The East Bay is home to many of the restaurants central to the creation of California cuisine, including Chez Panisse.

==Transportation==

All vehicular crossings of the San Francisco Bay land in the counties comprising the East Bay. Interstate highways in the East Bay include Interstates 80, 580, 680, 880, 980, and 238. California State Routes 24, 4, 13, 92, 160, 242, 84, and Richmond Parkway are limited access highways for at least part of their lengths in the area. State Route 61, State Route 84, State Route 123, State Route 185, and State Route 238 are major surface streets that receive state funding for maintenance. San Pablo Avenue previously carried U.S. Route 40 until the terminus was moved progressively east to Utah.

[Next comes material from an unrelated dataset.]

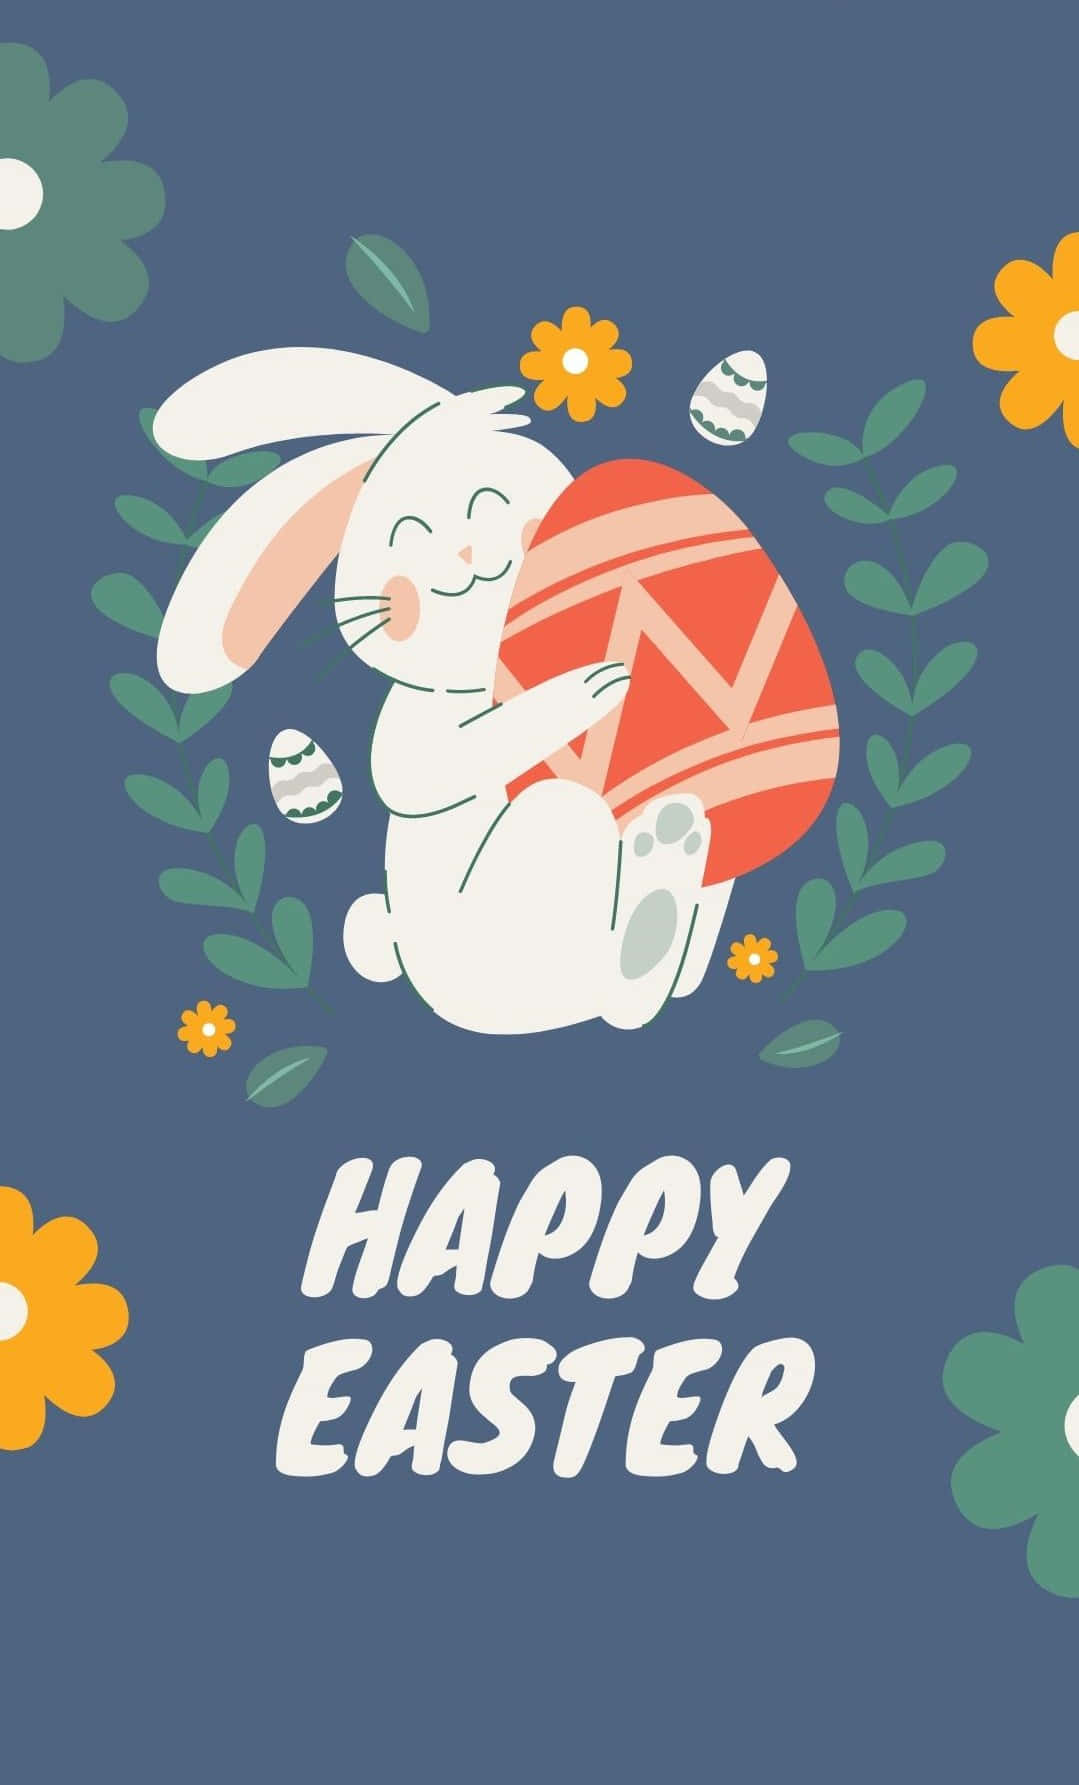 Feiernsie Ostern Mit Diesem Entzückenden Niedlichen Oster-iphone Wallpaper

AC Transit is the major bus transit agency for the region, and provides bus service throughout Alameda and Contra Costa counties, hence the "AC" moniker. County Connection, WestCAT, WHEELS, Tri Delta Transit and Union City Transit also provide bus service in the East Bay.

Ferry service is provided by San Francisco Bay Ferry from Jack London Square and Alameda Harbor, with service at Richmond Ferry Terminal slated to begin in 2018. Hercules may also see future ferry service to San Francisco.

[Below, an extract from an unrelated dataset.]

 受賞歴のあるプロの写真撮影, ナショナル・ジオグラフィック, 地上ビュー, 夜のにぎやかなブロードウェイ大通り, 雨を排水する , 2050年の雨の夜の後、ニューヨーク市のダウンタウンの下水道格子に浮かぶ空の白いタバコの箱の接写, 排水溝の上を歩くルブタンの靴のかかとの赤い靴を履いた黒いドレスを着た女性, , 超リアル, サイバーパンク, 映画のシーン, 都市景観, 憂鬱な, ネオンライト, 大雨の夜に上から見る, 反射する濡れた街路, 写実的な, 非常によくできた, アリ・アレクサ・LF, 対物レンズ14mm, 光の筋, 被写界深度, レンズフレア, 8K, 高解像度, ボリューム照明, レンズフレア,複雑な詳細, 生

Bicycle transportation is strongly promoted by city and county agencies, and by organizations like the East Bay Bicycle Coalition.

Major pedestrian paths across the region include the San Francisco Bay Trail, the Bay Area Ridge Trail, the Ohlone Greenway, Iron Horse Regional Trail, Contra Costa Canal Trail, and the Richmond Greenway.

===Rail===
Rail service in the East Bay dates to the First transcontinental railroad, when the Western Pacific Railroad was contracted by the Central Pacific Railroad to provide the link between the Bay and Sacramento. This railroad eventually became the Niles Canyon Railway. Service to Alameda commenced in September 1869, four months after driving the golden spike at Promintory, Utah. Oakland Long Wharf eventually became the western terminus before ferry service to San Francisco. This road provided the sole link to the rest of the country until about 1879 when a more direct route across the Carquinez Strait was completed. Today, Altamont Corridor Express (ACE) operates commuter rail services through Niles Canyon to San Jose.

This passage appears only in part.